As of today, GitHub Copilot moves from Premium Request Units to token-metered GitHub AI Credits. The sticker prices didn't change — the meter did. Completions stay free, every chat turn and agent step is now denominated in input, output and cached tokens against per-model rates. The configs, REST calls and policies you set this week decide what your July invoice looks like.

CL
CLWD // DevEx & Microsoft Copilot

From premium requests to AI Credits

Until today, paid Copilot plans were billed in Premium Request Units — a fixed multiplier per model where one chat turn cost 1 × multiplier, regardless of whether you sent it 200 tokens or 200,000. Crude but easy to cap: you knew how many "premium requests" you had left, you knew when to slow down.

From June 1, that model is gone. Every Copilot plan now ships with a monthly allowance of GitHub AI Credits denominated in a fiat balance (we'll quote everything in euro), and every metered interaction is billed against published per-model token rates — input, output, and cached input each counted separately. Paid plans can buy overage; Free cannot. Allowances reset monthly and don't roll over.

Plan Base price Monthly AI Credits Overage Notes
Free €0 Small allowance, selected models None 2,000 completions/month cap. Stops on exhaustion.
Pro €10 / month ~€10 worth Self-serve, capped Unlimited completions remain free.
Pro+ €39 / month ~€20 worth Self-serve, capped Adds premium models (Opus 4.7/4.8, GPT-5.5).
Max €100 / month Highest individual allowance Self-serve From today, upgrade-only for existing Copilot users.
Business €19 / seat / month Pooled at org Org-level budget Centralised policy, audit logs, IP indemnity.
Enterprise €39 / seat / month Larger pooled allowance Org-level budget Org instructions, content exclusion, priority access.
Annual plans

Existing annual Pro and Pro+ subscribers can stay on the legacy request-based billing model until renewal — but with bumped model multipliers from today. The details live under docs.github.com → Copilot billing → Request-based billing (legacy) → Model multipliers for annual plans. If you renew, you land on AI Credits like everyone else.

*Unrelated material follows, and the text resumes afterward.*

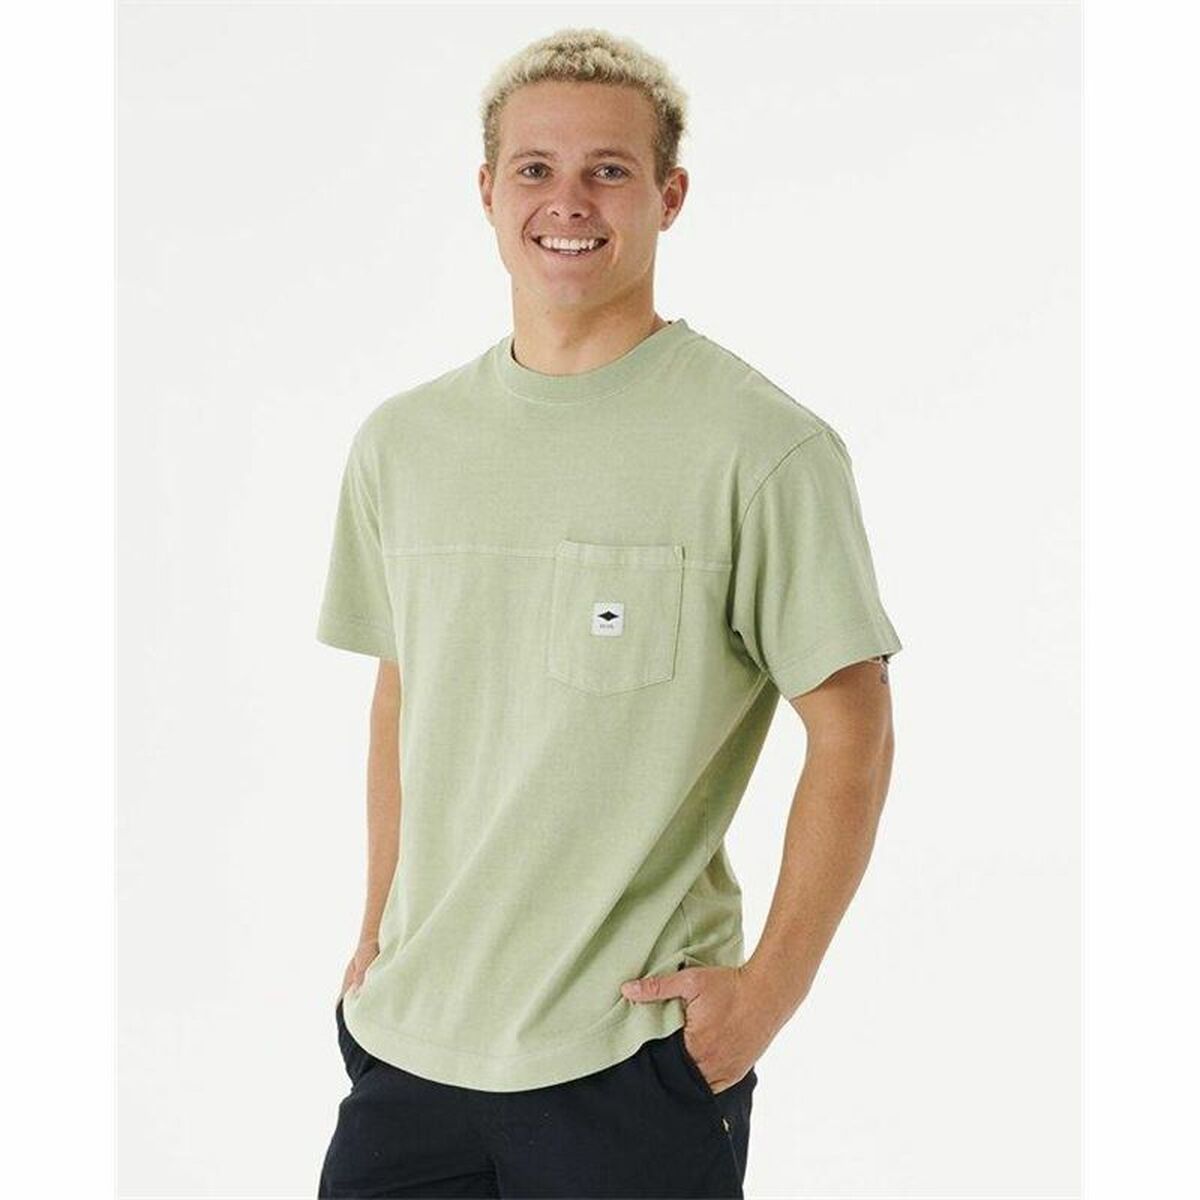 T-shirt Rip Curl Quality Surf Products Green Men

What costs credits, what doesn't

The first thing to internalise is that completions are still free. Inline suggestions, next-edit suggestions and "Review selection" code review do not consume AI Credits — even for the heaviest tab-completers, Pro at €10 is effectively a flat-rate product. The meter only spins for everything that is genuinely model-driven.

Feature Billing Notes
Inline completions, next-edit suggestions Unmetered Free across all paid plans; 2,000/month on Free.
"Review selection" in VS Code Unmetered Lightweight code review only.
Copilot Chat (IDE, github.com, mobile) Metered Input + output tokens per turn.
Agent mode Metered Every tool round-trip is another model call.
Copilot cloud agent Metered + GitHub Actions minutes Repo ops burn Actions on top of credits.
Full-PR code review Metered + Actions minutes Same as above for repo-wide reviews.
MCP tool calls that hit a model Metered Pure tool execution is free; the LLM round-trip isn't.

The published token rates that matter day-to-day, in euro per 1M tokens (GitHub publishes in USD; we've shown rounded EUR equivalents at roughly 1:1 — the meter behaviour is identical):

Model Input Output Typical use
GPT-5 mini ~€0.25 ~€2 Routine chat, default for cost-sensitive workloads.
GPT-5.4 €2.50 €15 General-purpose, balanced quality.
Claude Sonnet 4.6 €3 €15 Agent mode default for most teams.
Gemini 3.1 Pro €2 €12 Long-context tasks, large files.
Claude Opus 4.7 ~€15 ~€75 Premium. Use for hard reasoning, not boilerplate.

Cached input tokens — content the provider has already seen in the same thread — bill at roughly a tenth of the fresh input rate. That detail matters more than it sounds; we'll come back to it.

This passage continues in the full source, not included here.